De films 'Night song', 'Canyon Passage' en de western
'Laramie' volgden.
En o ja, later zou Ian Fleming in zijn boek 'Moonraker'
schrijven dat James Bond eigenlijk het meest op Hoagy
Carmichael leek.
Voor Carmichael was de cirkel eigenlijk rond met de
opnames van de film ‘Young man with a horn'.
Want die film was - weliswaar zeer vrij - gebaseerd op
het leven van die nu legendarische jeugdvriend van
rechtenstudent Hoagy: trompettist Bix Beiderbecke.
Kirk Douglas mimede de muzikale hoofdrol van het
vroeggestorven jonge genie dat de weg zou kwijt raken
tussen drank en dames.
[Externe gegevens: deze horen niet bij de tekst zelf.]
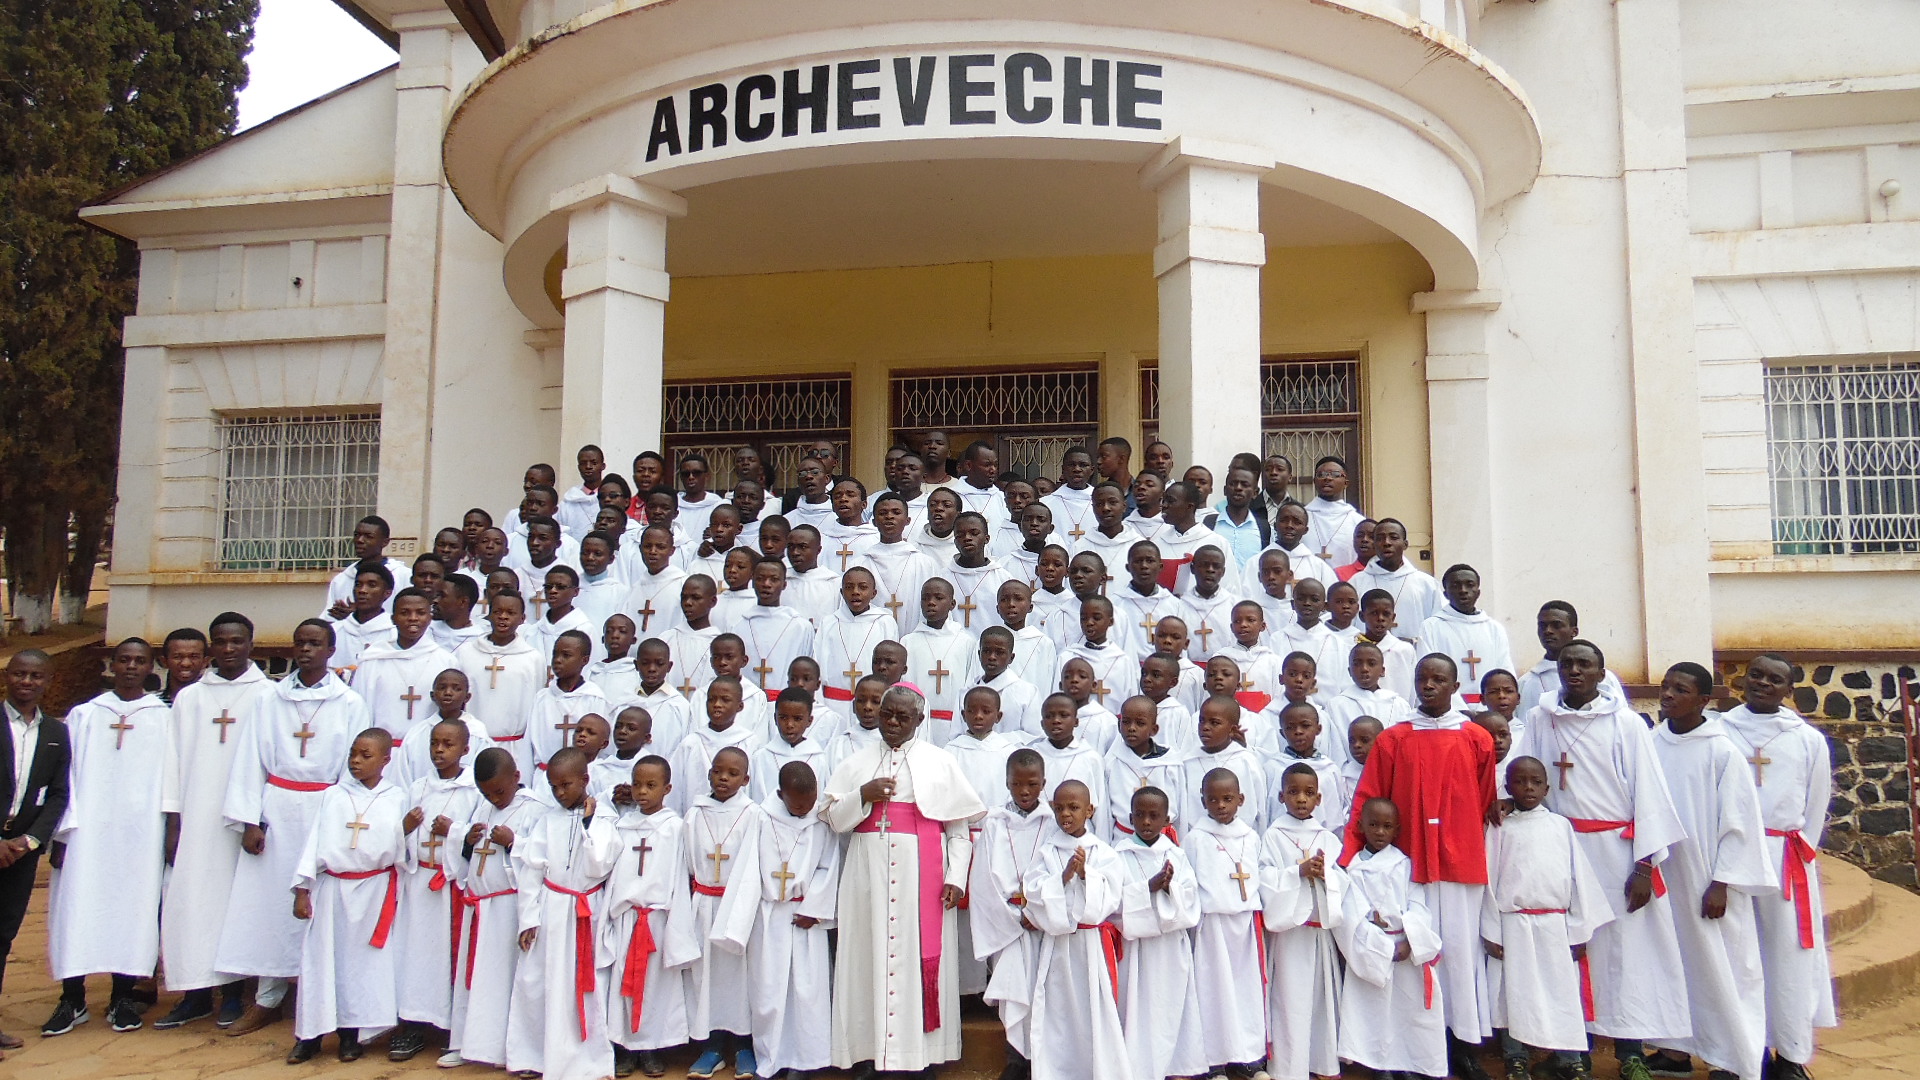 Les Petits Chanteurs de la Résurrection avec S.E. Mgr Francois-Xavier MAROY; Archevêque de Bukavu.

Achter de schermen blies Harry
James de échte trompetsolo's en Hoagy Carmichael zelf
zat op de vertelstoel van dat Hollywood-melodrama.
Over de man bij wie 't voor hem allemaal begon.
En naar wie hij zijn eigen zoon zou vernoemen, Hoagy
Bix Carmichael.
Indirect dankzij Bix kreeg de jazz er een aantal
schitterende 'standards' bij.
En, meneer aan de bar, let op met wat een persoonlijk
plezier Louis Armstrong en Jack Teagarden samen
plaatsnemen in Hoagy's schommelstoel.